Tobsing specializes in bell toys, and resells many toys and parts bought from smaller companies, including one in Wisconsin that supplies her with pine chunks.

But the longest-running toy she's sold is a simple grapevine wreath-swing with beads. She tried to discontinue it once, thinking people could make it themselves, but customers complained so much she had to reinstate it. "I guarantee your lovebird will adore it," she says. "I see birds swinging for their lives."

Another popular item is a hollow plastic golf ball with pony beads, but lately Tobsing has had trouble finding balls with holes the right diameter. It's one of the many niggling problems a bird toymaker encounters.

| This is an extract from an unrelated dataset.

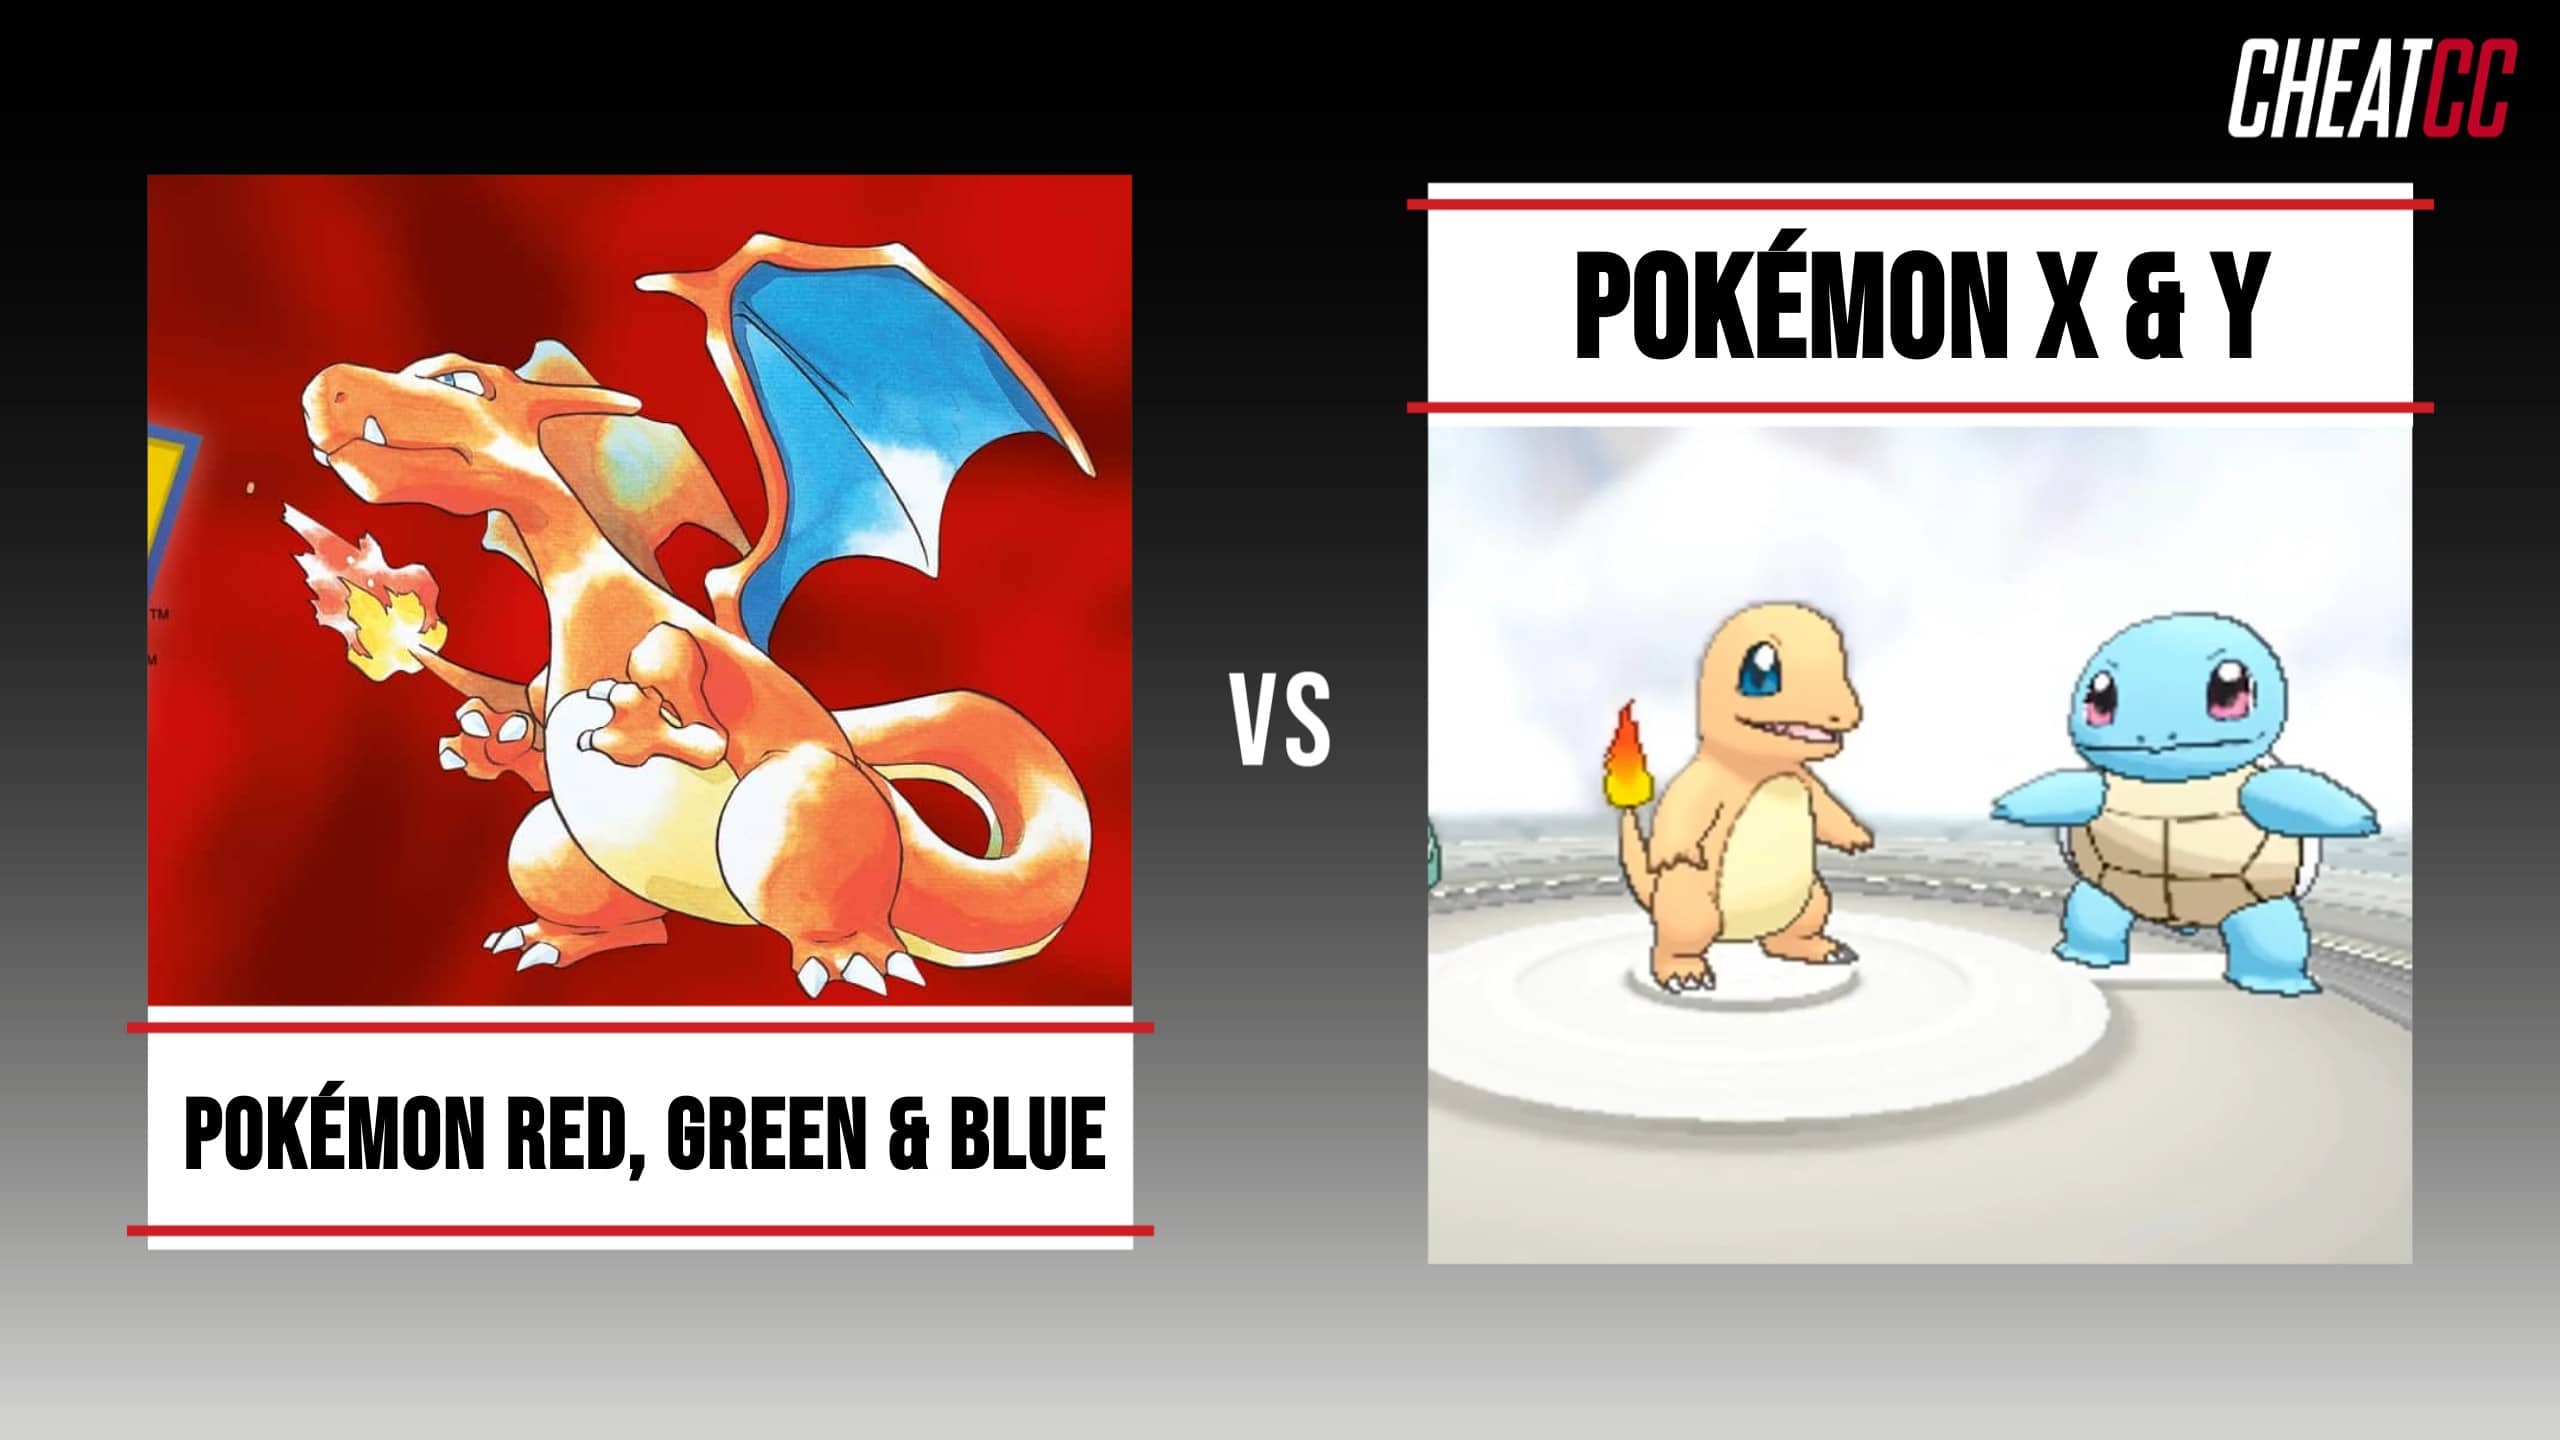 who do you think is better Charizard x or y (I think y is much

The most popular toy part Tobsing sells is a wooden star. Another simple item she recommends are perler beads, which she calls "birdie chewing gum," suitable for conure to macaw sizes. They keep her own birds occupied for hours.

Tobsing believes simplicity is key in making your own bird toys. "Too many toys out there are made to be attractive to people because we’re the ones buying them," she notes. "People want big toys that are perfectly symmetrical, colors to match their living room, but that’s not what’s on the bird’s mind.

"If you asked a bird, they’d say, 'Just give it to me. A bead on a piece of chain.' I think half the time when birds destroy their toys they’re just paring it down to a size they like: 'No, I don’t like this, let’s get rid of that.'"

stars
Wooden star shapes are Windy City Parrot's most popular toy part.

Online and in town
After years of limiting her sales efforts to bird shows, Tobsing took Windy City Parrot online in January 2002. The physical store at 4427 Milwaukee Ave. came along less than a year later.

While it's been exciting to gain a retail space, Tobsing maintains the storefront is just an experiment. So for now, she plans to continue spending most of her time on the road, where she still makes most of her money.

"I’ve been lucky to have been doing this long enough to have a customer base. If we don’t have that many (store) walk-ins, it won’t affect business that much," she figures.

At the very least, the extra space accomplished what Tobsing set out to do, and that's get more organized. She now turns toy orders around in two hours, instead of two weeks.

Clean, well-lighted place
Still, it's clear from the obvious pride she takes in Windy City Parrot the store that Tobsing may soon have a firm foot in the retail world as well.

"In Chicago, only three or four stores do bird toys. They have parrots, too, but their toy selection is abysmal or the store is dingy."

At Windy City Parrot, the sales floor is brightly lit, the walls are freshly painted and a divider is painted the same bright gold as the tablecloth Tobsing uses at bird fairs.

Shoppers can wander among a treasure trove of toys and parts - bells, beads, rope, chain and wood blocks.

Close by is Tobsing, ready to offer sage toy-making advice. And that's something you'll probably never find at the local pet chain.

ParrotChronicles.com. Published 2003.